━━━━━ Material to process ━━━━━

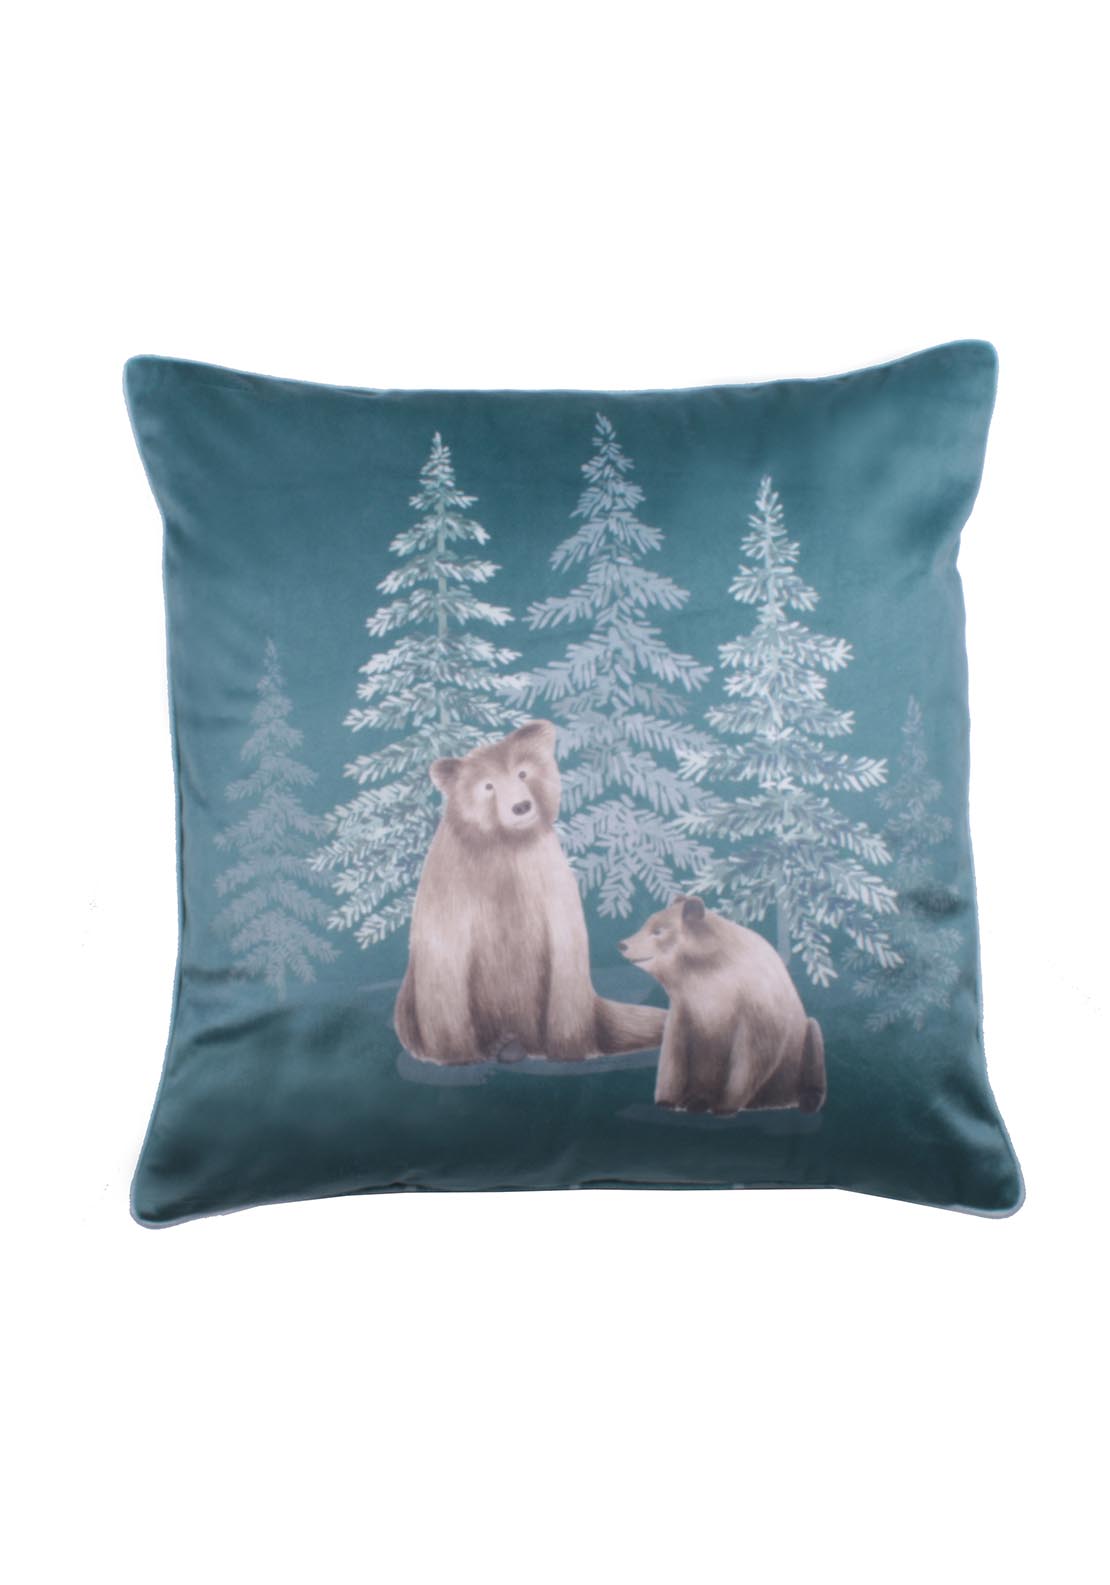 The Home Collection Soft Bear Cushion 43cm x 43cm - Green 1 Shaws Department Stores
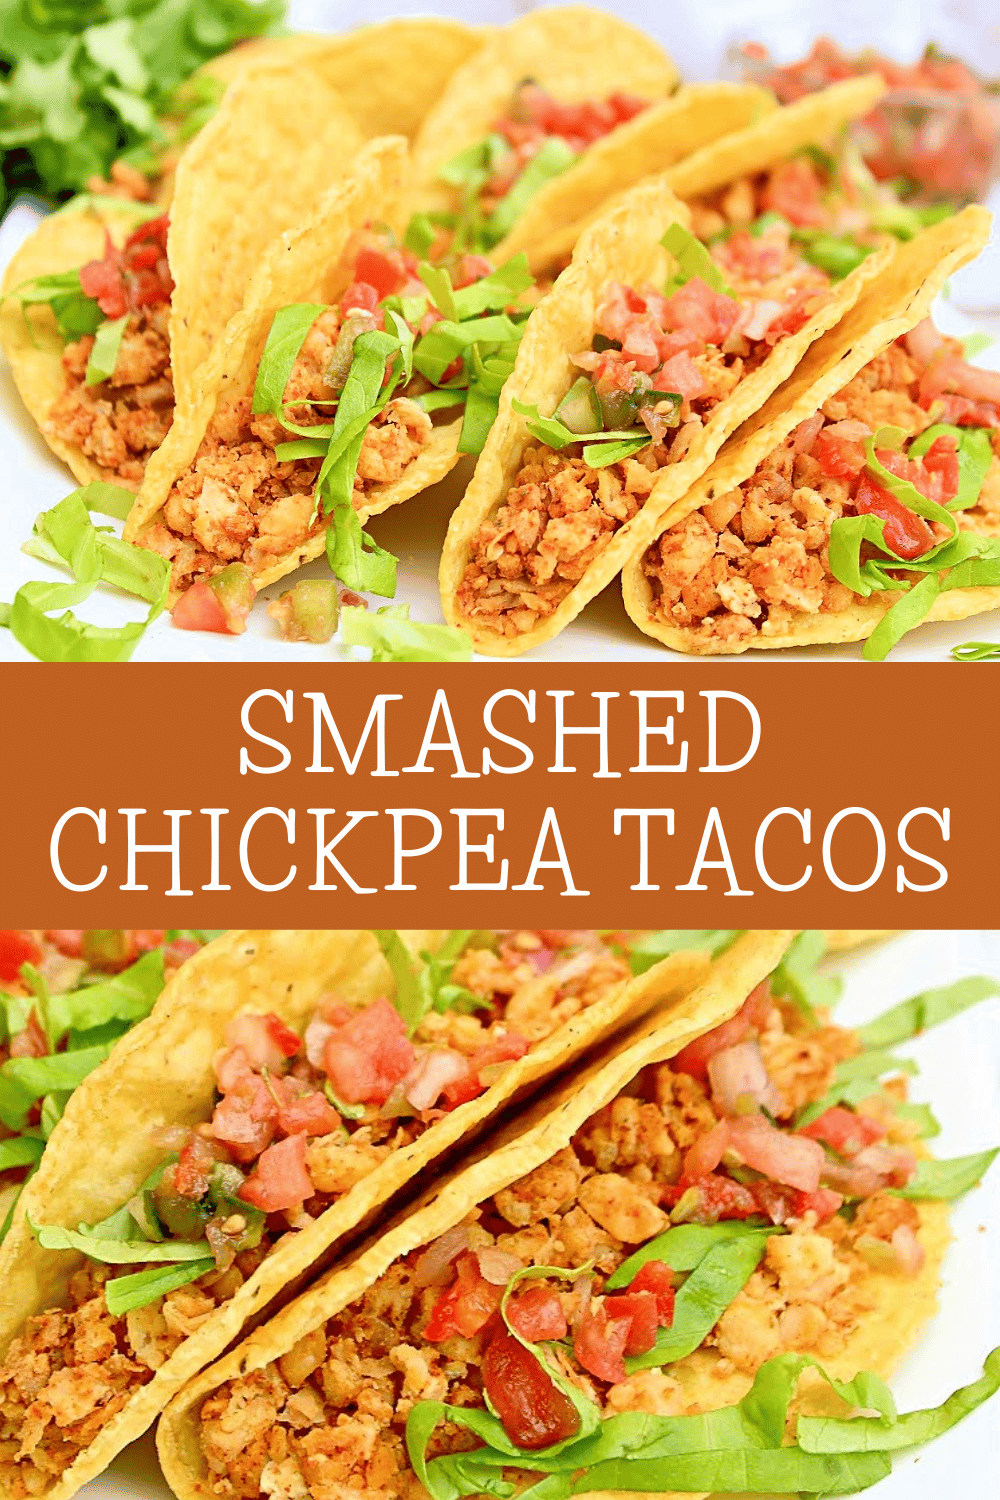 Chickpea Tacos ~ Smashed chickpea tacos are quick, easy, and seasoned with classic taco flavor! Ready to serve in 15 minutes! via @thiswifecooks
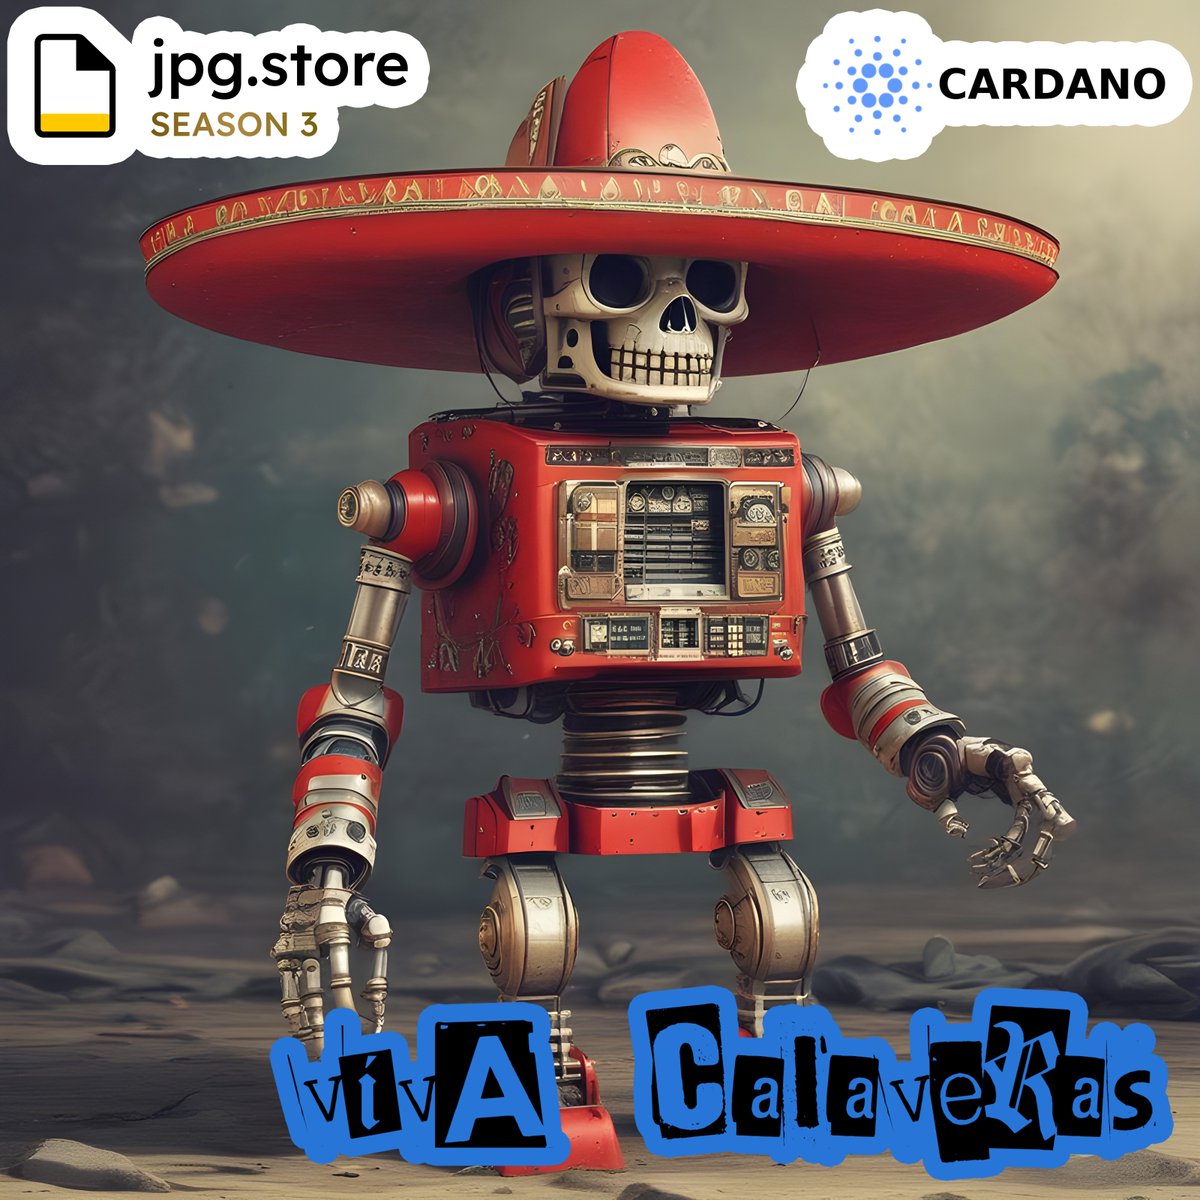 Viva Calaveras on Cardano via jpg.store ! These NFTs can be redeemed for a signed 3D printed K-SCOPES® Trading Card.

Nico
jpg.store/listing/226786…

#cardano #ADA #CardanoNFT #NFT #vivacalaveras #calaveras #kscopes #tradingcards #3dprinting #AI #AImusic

━━━━━

Would you repeat the material above exactly, line for line, from its first line to the line with "Chickpea Tacos ~", including both and skipping every picture?

◆ **Answer box**:
 The Home Collection Soft Bear Cushion 43cm x 43cm - Green 1 Shaws Department Stores
 Chickpea Tacos ~ Smashed chickpea tacos are quick, easy, and seasoned with classic taco flavor! Ready to serve in 15 minutes! via @thiswifecooks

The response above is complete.